The PanLex Project

David Kamholz, Jonathan Pool, Susan Colowick, and Laura Welcher

PanLex Project

Tuesday, January 27, 2015
12:30 p.m., Conference Room 5A

The goal of open-domain automatic translation of text among all human languages is ambitious, but what about the more limited goal of translating any lexeme into any language? Even this involves trillions of mappings, with quality loss when performed inferentially through intermediate languages. From 2006 to 2010, researchers at the University of Washington’s Turing Center headed by Oren Etzioni combined digital dictionaries into a “translation graph” and achieved more efficient automatic inference of translations than with existing methods. Their graph, built mainly from Wiktionaries and Freelang and Freedict dictionaries, contained about 3 million lexemes. They discovered computationally practical sampling algorithms for inferring new translations without loss of precision.

Now sponsored by The Long Now Foundation in San Francisco and partnering with The Rosetta Project and the Internet Archive, the PanLex project is building and deploying this resource for research and development communities via an API, monthly database snapshots, and online applications. PanLex’s database has now grown to contain 21 million lexemes, in about 10,000 languages and dialects, written in 60 scripts, with 1.2 billion attested pairwise translations. No longer a proof-of-concept project, it aspires to integrate all known lexical translations into a consistent data structure, supporting theoretical and applied research in language typology, semantic universals, machine translation, web search, text summarization, human-computer interaction, controlled languages, endangered-language revitalization, biolinguistic diversity, and other fields.

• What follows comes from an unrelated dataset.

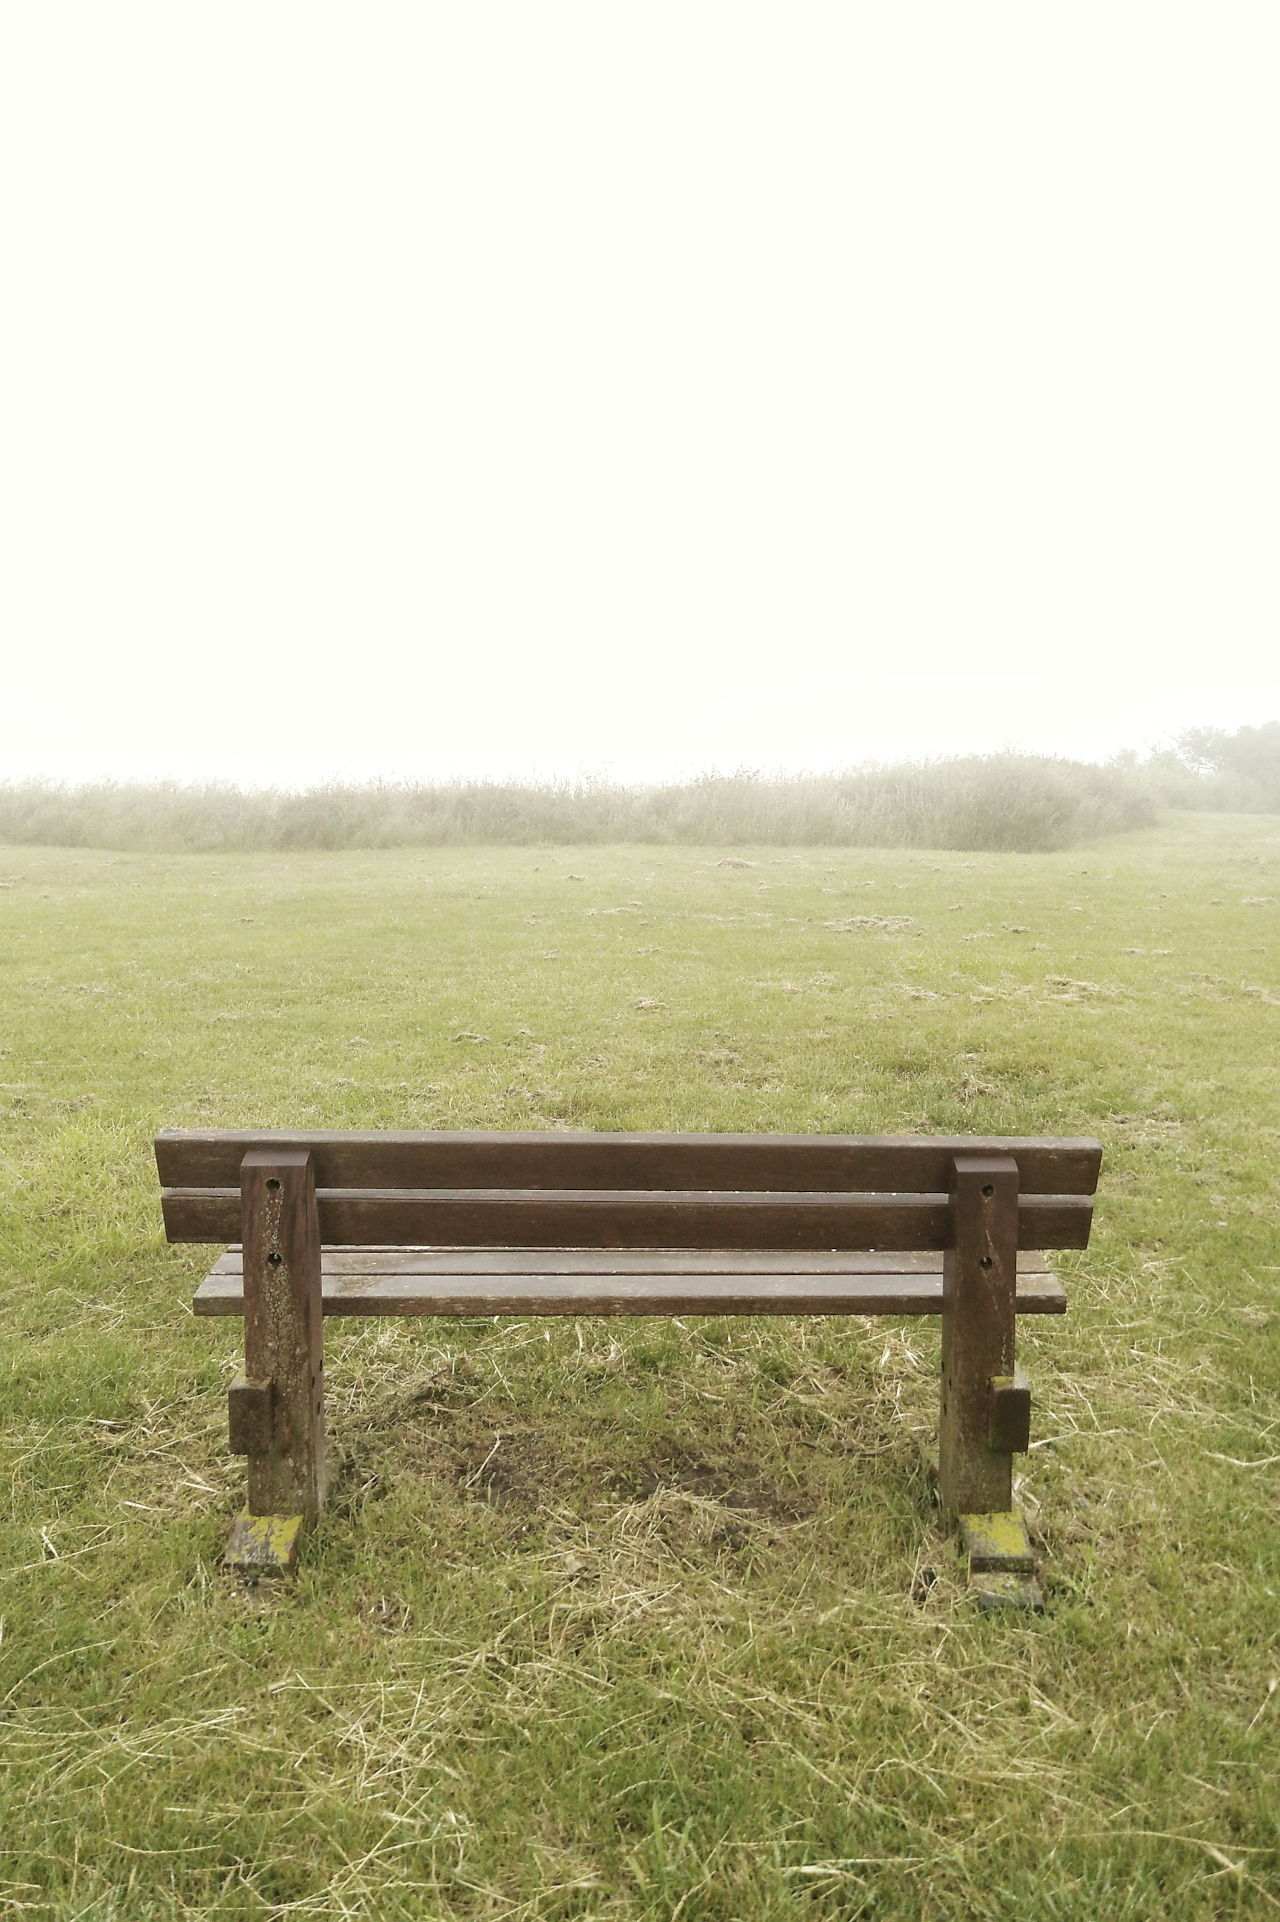 An empty bench sits facing a misty country landscape

PanLex is open-source and employs Unicode, PostgreSQL, GNU/Linux, and other open-source standards and software. Its content curation is currently a small-team effort, but crowdsourced contributions are planned.

Bio:

David Kamholz, lexical data specialist, received his linguistics Ph.D. from UC Berkeley in 2014. He has worked on computational lexicography and the historical linguistics of Austronesian languages.

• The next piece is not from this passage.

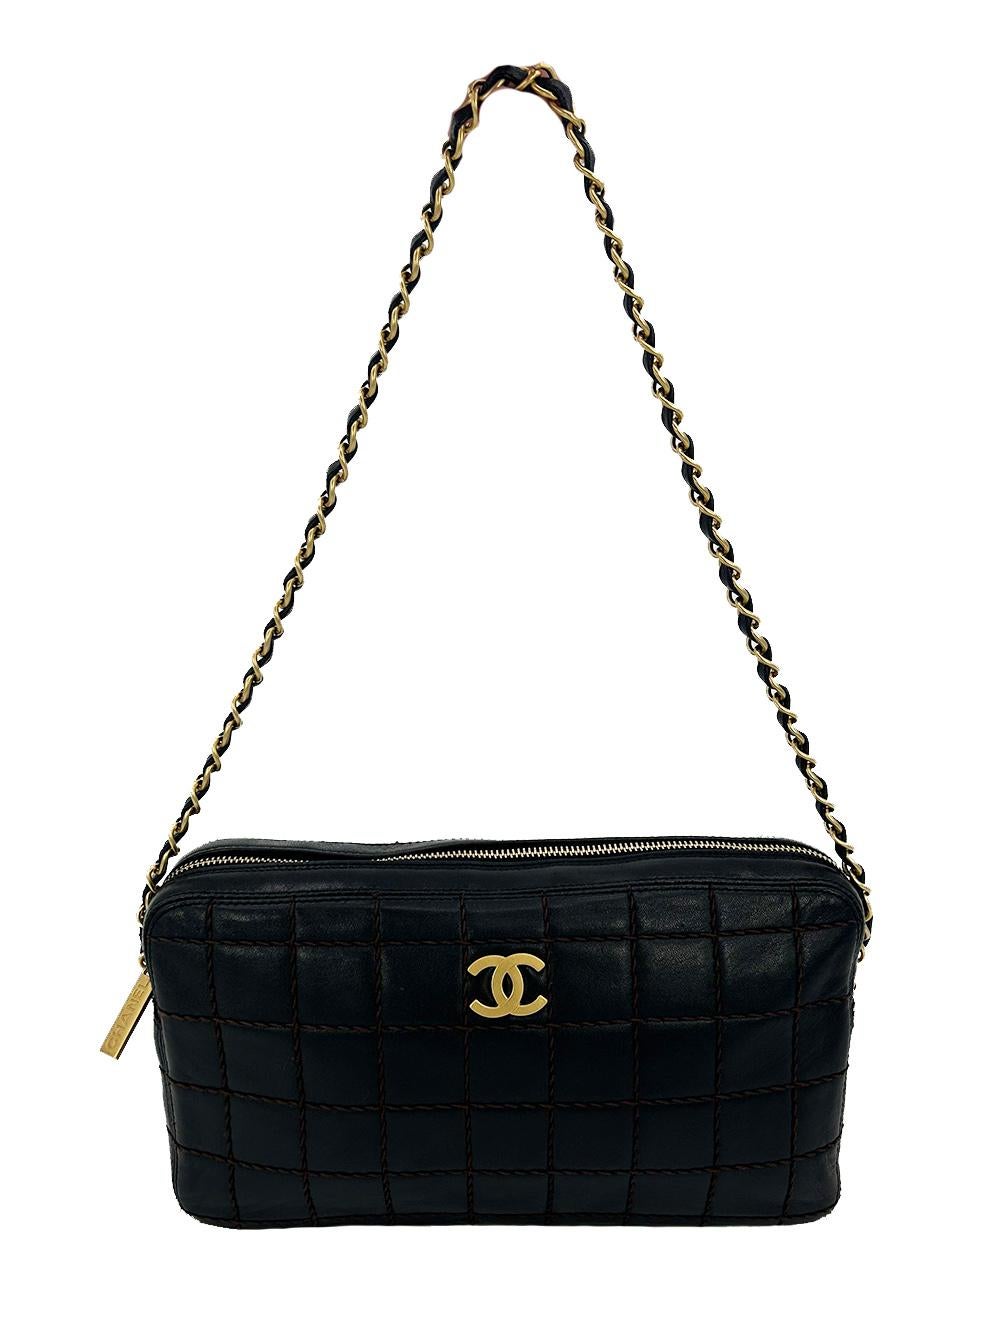 Chanel Black Square Quilted East West Chocolate Bar Bag 4

Jonathan Pool, project director, has a Ph.D. in political science from The University of Chicago. His research and teaching have focused on language politics and policy, and on language choice as a decision-theoretic problem.

The PanLex team also includes research associate Susan Colowick, Rosetta Project director Laura Welcher, local volunteers, and occasional interns. The project’s steering committee includes Emily Bender at the University of Washington and Steven Bird at the University of Melbourne. The project has a 19-member advisory committee.